India’s massive population is one of its largest obstacle and in this status-quo the one who suffers the most are the ones who cannot afford quality care. To be poor and sick in India spells doom. Across India the health-care sector suffers from overcrowding, overworked staff, failing equipment, sub-standard hygiene, in rural areas the doctor to patients’ ratio is as bad as 75000 to 1. Picture this, when a primary health-care centre in a village cannot adequately sustain a patient’s life, then the patient is sent to a university hospital in the region.
This means that hospital will be receiving patients from as many as 10 or more other areas with outstretched primary health-care centres. And unfortunately when the university hospital can no longer manage the patient load, the same emergency care patients are then dispatched to larger, urban hospitals, most of which are as far away as the other state. Meanwhile the state-government has failed to provide meaningful health-care to the poor.
In the name of their care commonly Yojana’s in association with insurance agencies are created and in opinion of the critics these yojana’s often fail and they merely relegate poor patients to the same facilities that are sub-standard and already failing them. “Every state has one, such Yojana but they suffer from meaninglessness, either the poor don’t know that such facilities or they get sent away and denied from medical care when they go to the hospitals.” Often poor are denied treatment due to their class, creed, religion or nature of ailment, even though it is their right.

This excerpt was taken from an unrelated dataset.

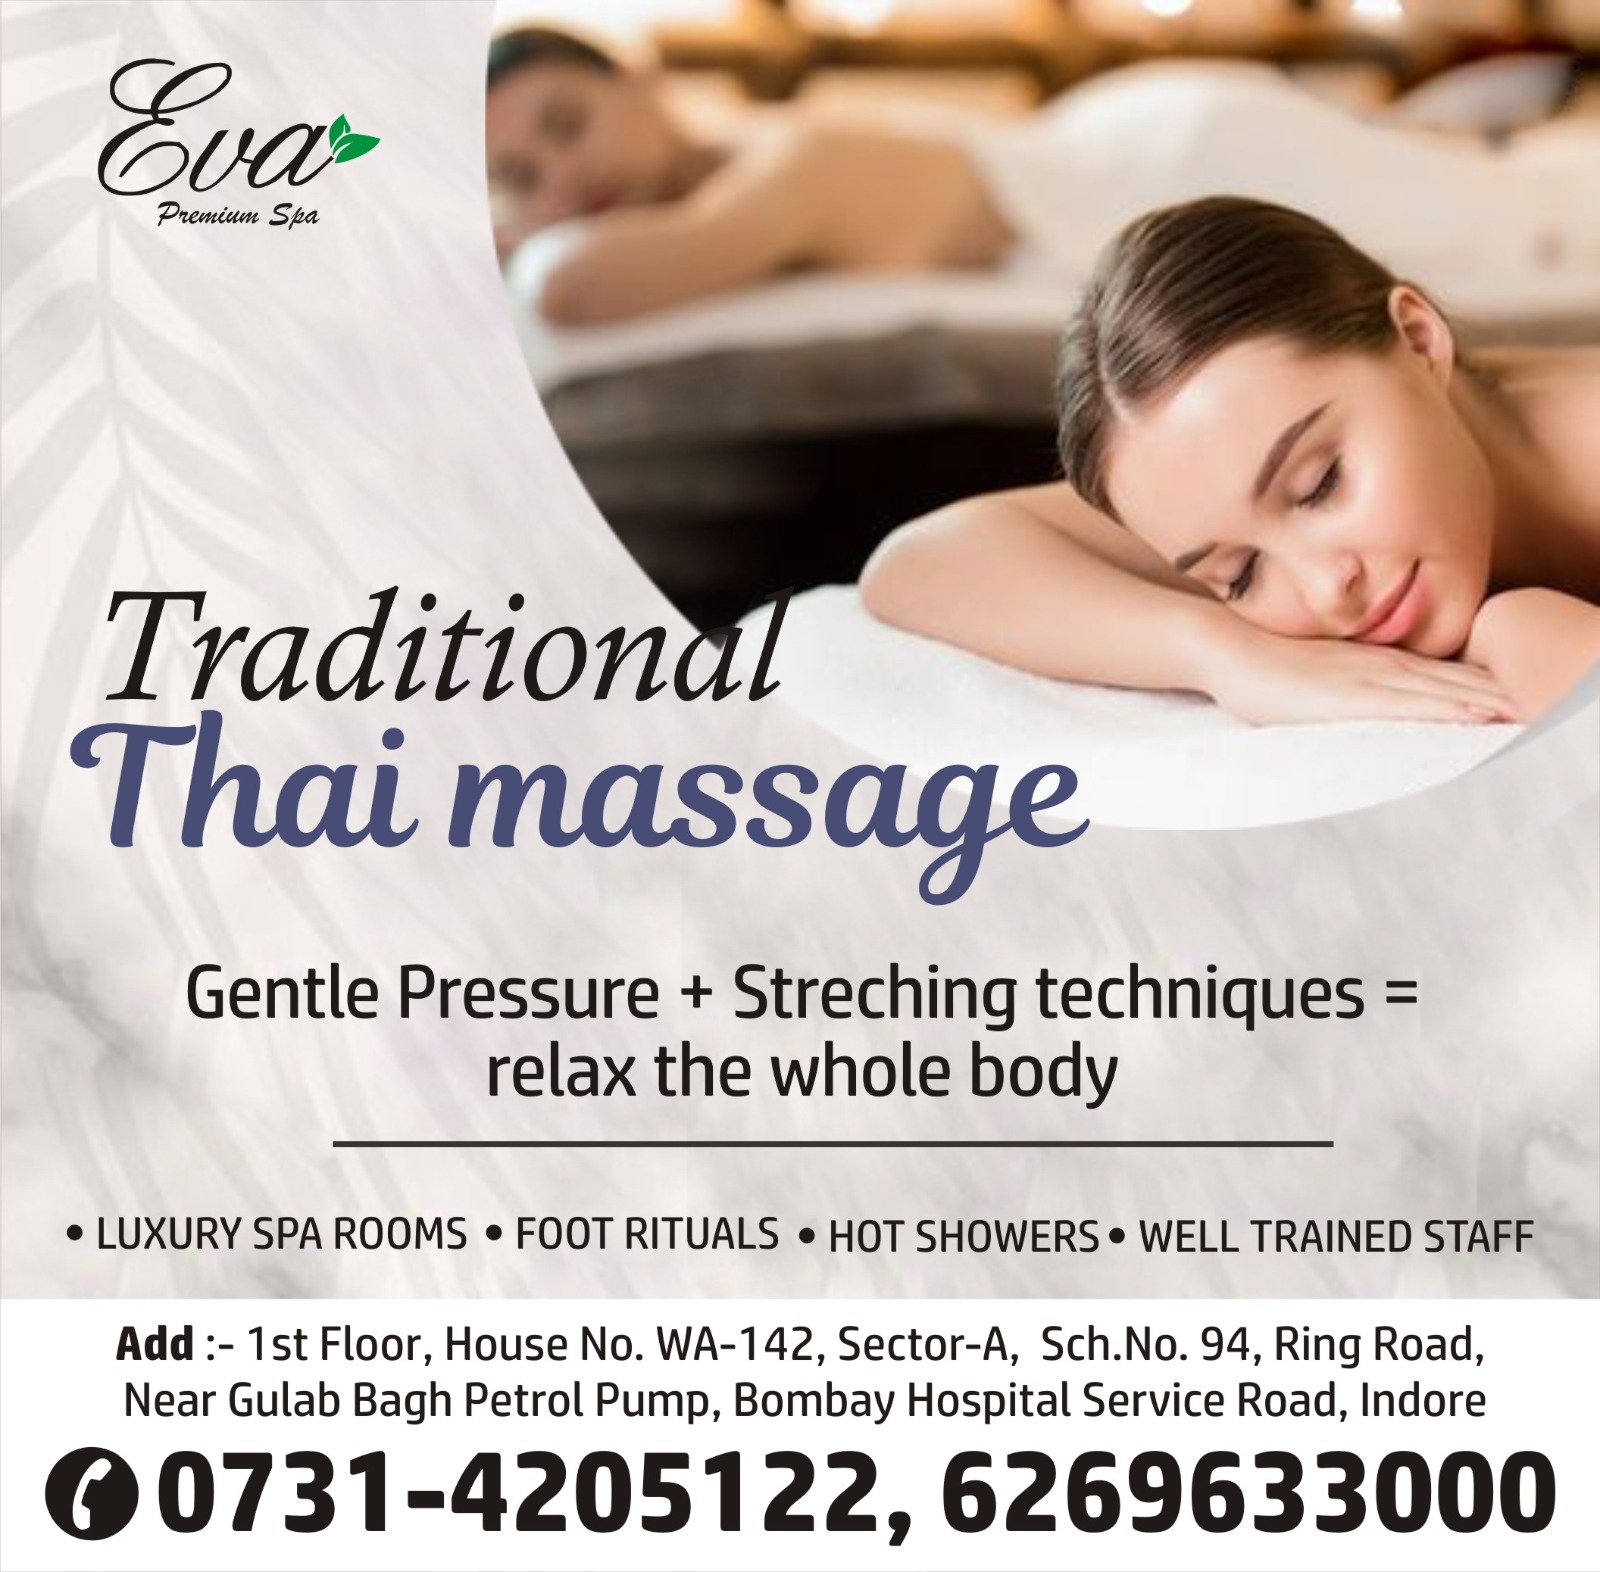 Best Thai Massage Services in Indore

For instance HIV patients are driven away because the staff working in these rural hospitals are under-equipped and under-educated and thus frightened. Poorer patients are more reluctant to trust government hospitals because of their reputation for class discrimination. Our health-care system is plagued by many such inequalities making it a nightmare for the poor to receive care.
India was ranked at 112 out of 190 countries by World Health Organization’s 2000 report. Only 4.2% of India’s total GDP is channelized to healthcare goods and services and care as compared to US which spends 18% of its GDP into Health-care. Further on the quality of health-care in India suffers from a huge divide between rural and urban. 70% of India’s population is rural, and this majority suffers at the hands of sub-standard health-care quality, limited or no access to hospitals and clinics, shortage of medicines and doctors and also awareness. Further on, the rural areas depend on and believe alternative medicines and are highly ignorant about varied health and hygiene hazards.
In the name of improvement some programs like the National Urban Health Mission which pays individuals for healthcare premiums, in partnership with various local private partners, which have proven ineffective to date. Urban on the other hand suffers at the hands of excess but not available to the poor due to the privatisation and profit making attitude. The urban centres have numerous private hospitals and clinics which provide quality healthcare. These centres have better doctors, access to preventive medicine, and quality clinics which are a result of better profitability for investors compared to the not-so-profitable rural areas. It is this sheer divide and attitude of making medicine a profit centre that is leading to numerous issues. It is about time we take health-care seriously.